Размышляя над пушкинским ответом царю и над только что приведёнными «фразами-предшественницами», приходим к выводу, что знаменитые слова «все мои друзья были в заговоре, и я был бы в невозможности отстать от них» — это фраза не декабристская, а пушкинская: поэт говорит что думает; он объясняет своё возможное участие в событиях не политическими мотивами, но — понятиями чести. Подчёркивает, что вышел бы на площадь из дружеской солидарности, а не оттого, что считал бы в тот момент необходимым именно насильственную перемену власти.

Ю. М. Лотман полагает, что в той беседе «Пушкин не отрёкся от дружеских связей с декабристами, напротив, он, видимо, умолчал относительно своих глубоких сомнений в декабристской тактике и решительно подчеркнул единомыслие, сказав, что если бы он случился в Петербурге, то 14 декабря был бы на Сенатской площади»[104].

С этим определением хотелось бы поспорить: во-первых, повторим, что пушкинское «я был бы в невозможности отстать от них» означает прежде всего соблюдение правил чести; во-вторых, по тем же правилам чести поэт, конечно, прямо не отрицал декабристской тактики, но параллельно высказывал свой общий взгляд на вещи, сомневаясь в декабристских средствах. Подробнее о том, что Пушкин мог позволить себе в этом роде, мы скажем несколько позже; а сейчас вкратце напомним, какие идеи, выстраданные поэтом (до царской амнистии и независимо от неё!), теснились в его сознании и, даже не выходя наружу, многое направляли в разговоре с царём.

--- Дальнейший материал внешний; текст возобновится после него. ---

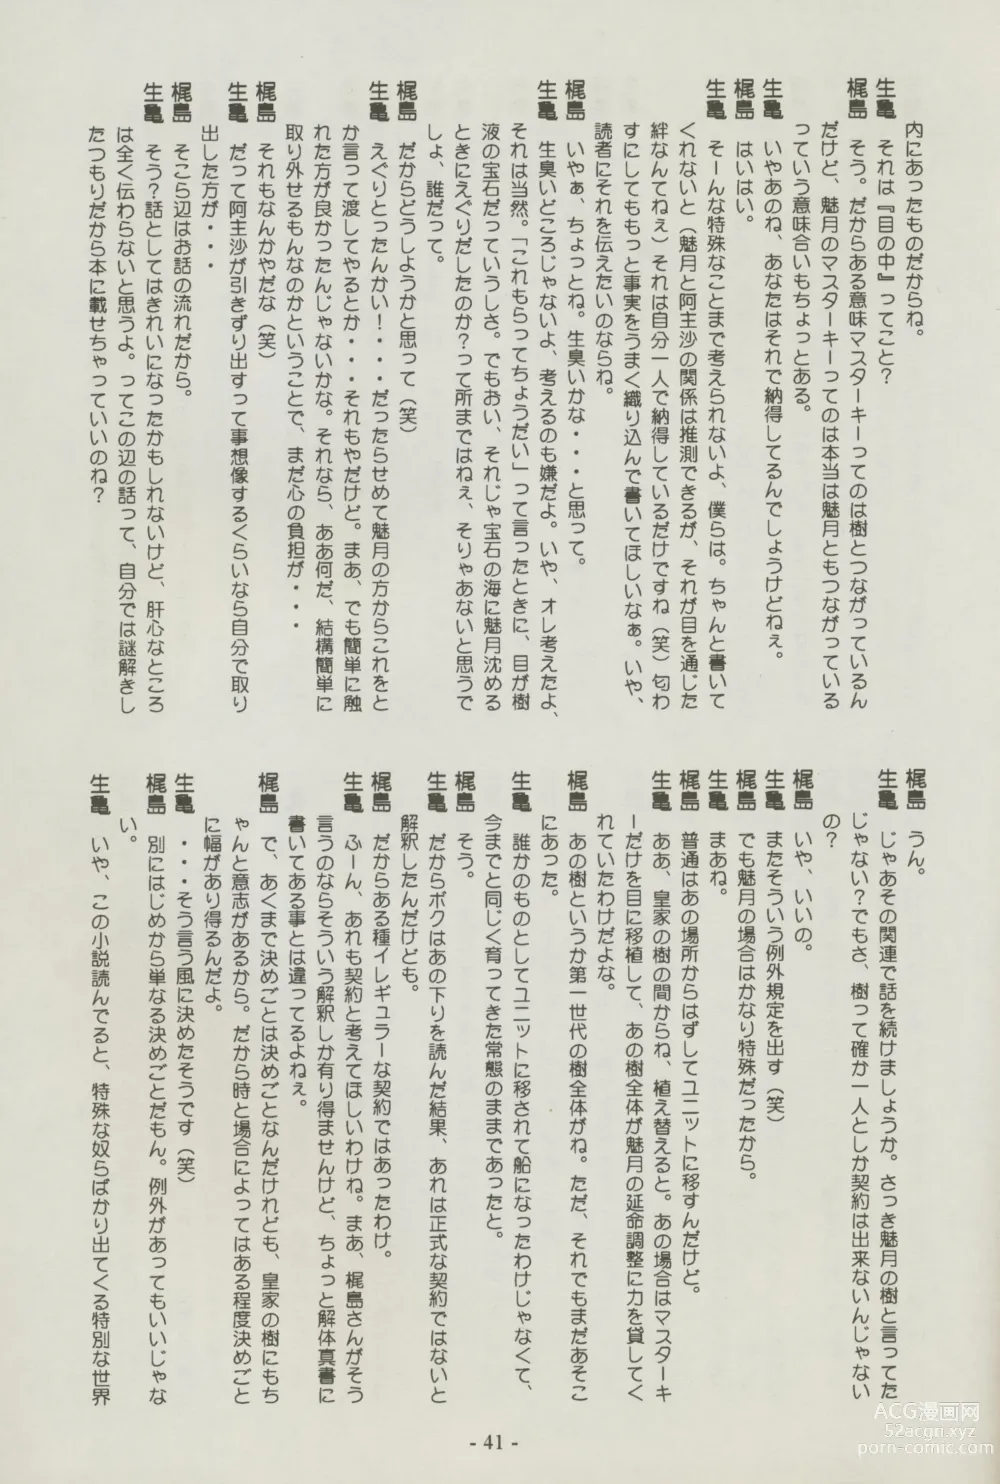 Page 41 of doujinshi Shuppanroku

Пушкин, вступивший в кабинет царя, был поэтом, прошедшим период дерзкого, революционного отрицания, но приблизительно к 1823 году выработавшим иной, сложный взгляд на ход и перспективы российской истории.

Это был человек, ещё накапливавший в Михайловском дерзкие эпиграммы, но уже успевший на юге написать:

Паситесь, мирные народы, Вас не разбудит чести клич. К чему стадам дары свободы? Их должно резать или стричь. («Свободы сеятель пустынный…»)

Это был Пушкин, недавно дружески, душевно общавшийся с друзьями-декабристами, но при том остро, принципиально споривший с Пущиным, Рылеевым, Бестужевым (а прежде вызывавший даже известную враждебность у некоторых особенно непримиримых заговорщиков-южан); Пушкин, который в 1825 году художественно исследует роль народа в «Борисе Годунове», существенно опережая в этом отношении декабристскую мысль.

При этом великий поэт — свободный человек, сторонник высокого просвещения, сторонник больших преобразований в стране, но — не восстания в прямом, декабристском смысле слова.

Подобная позиция, сложившаяся ещё до 14 декабря, независимо от царских репрессий и помилований, конечно, раскрепощала поэта в его разговоре с Николаем.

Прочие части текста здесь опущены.